Так почему же в ожидании смерти мы должны говорить или заниматься глупостями?
Я не совсем поняла его мысль и продолжала настаивать:
— А о чем же нам тогда говорить?
Он подумал еще немного и сказал:
— В настоящее время и в нашем положении мы должны были бы говорить, например, о причинах, по которым в такое положение попали.
— А какие это причины?
Он засмеялся и ответил:
— Каждый должен был бы найти эти причины сам, самостоятельно.
Я сказала еще:
— Может, оно и так, но твой отец говорит о еде именно потому, что ее нет и мы вынуждены поэтему о ней думать.
Микеле ответил:
— Возможно. Беда лишь в том, что мой отец всегда говорит о еде, даже тогда, когда она есть у всех.

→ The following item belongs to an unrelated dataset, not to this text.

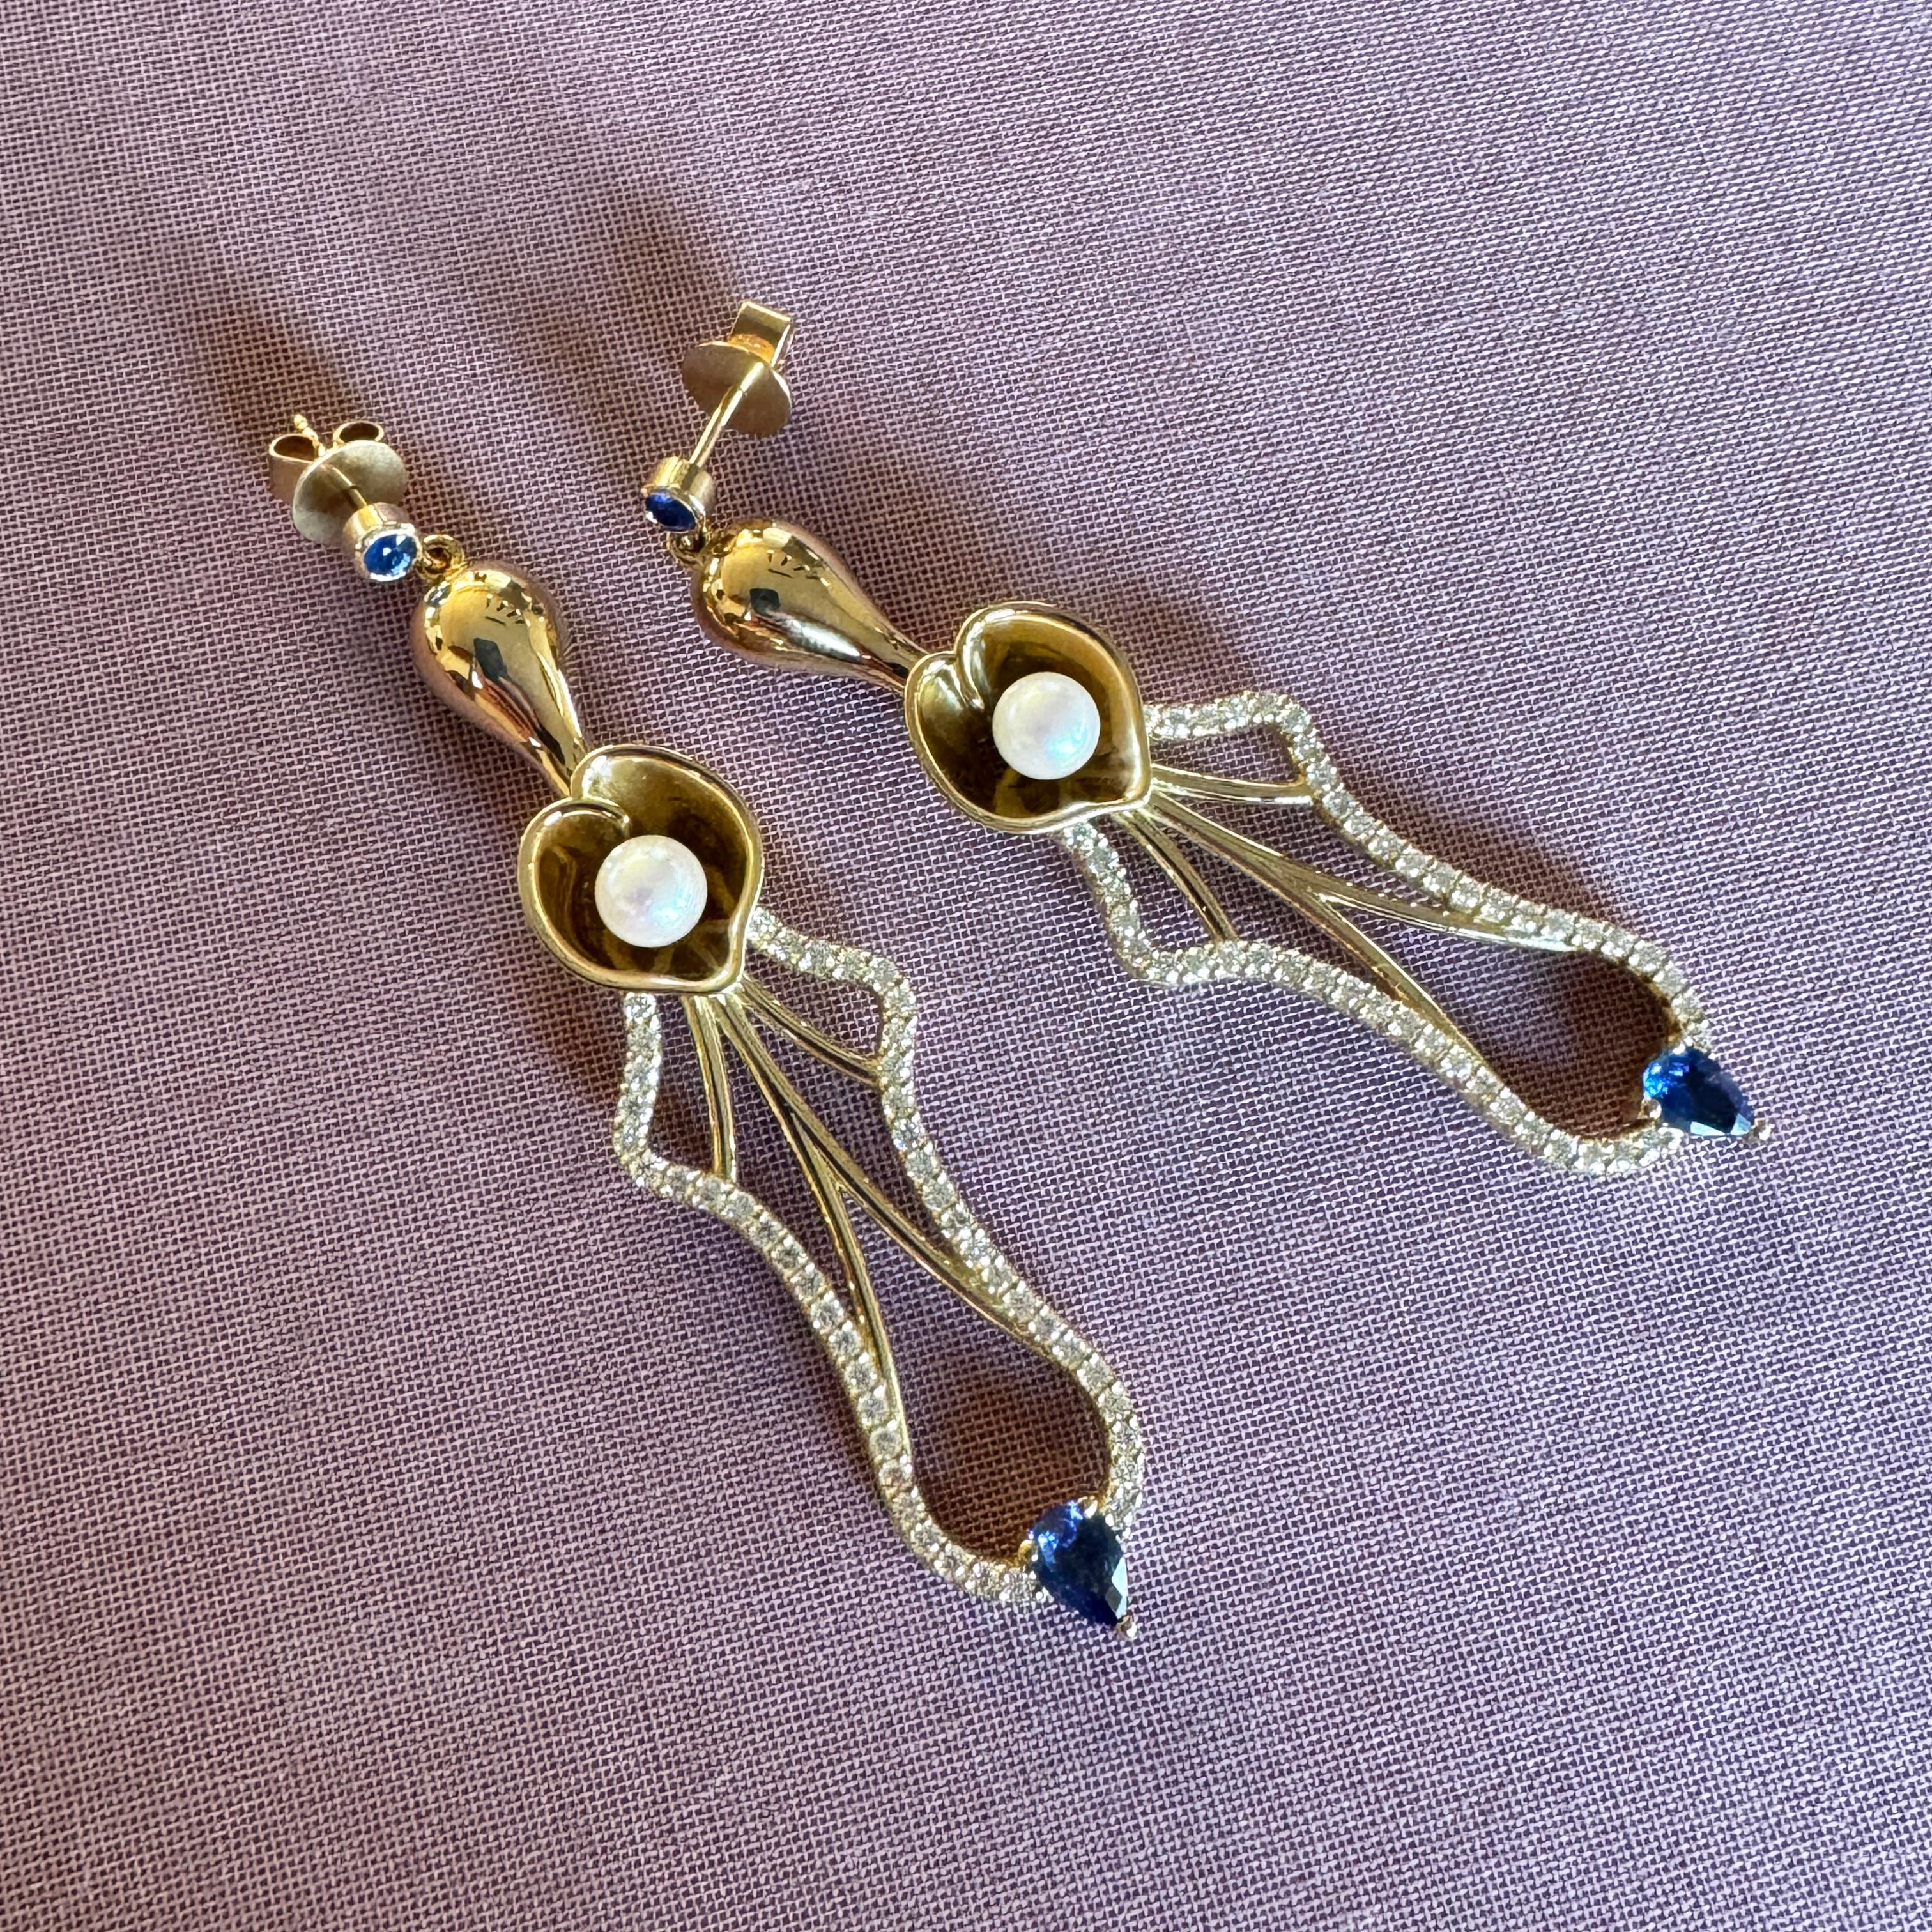 Contemporary Lilies Earrings in 18 Karat Yellow Gold with Diamonds, Sapphires And Pearls

Но еды не было, запасы подходили к концу, и все старались сберечь для себя то немногое, что еще у них оставалось. Все делали вид, что у них больше ничего нет. Филиппо, например, почти каждый день повторял более бедным беженцам:
— У меня муки и фасоли хватит не больше, как на одну неделю, а уж потом пусть бог мне поможет.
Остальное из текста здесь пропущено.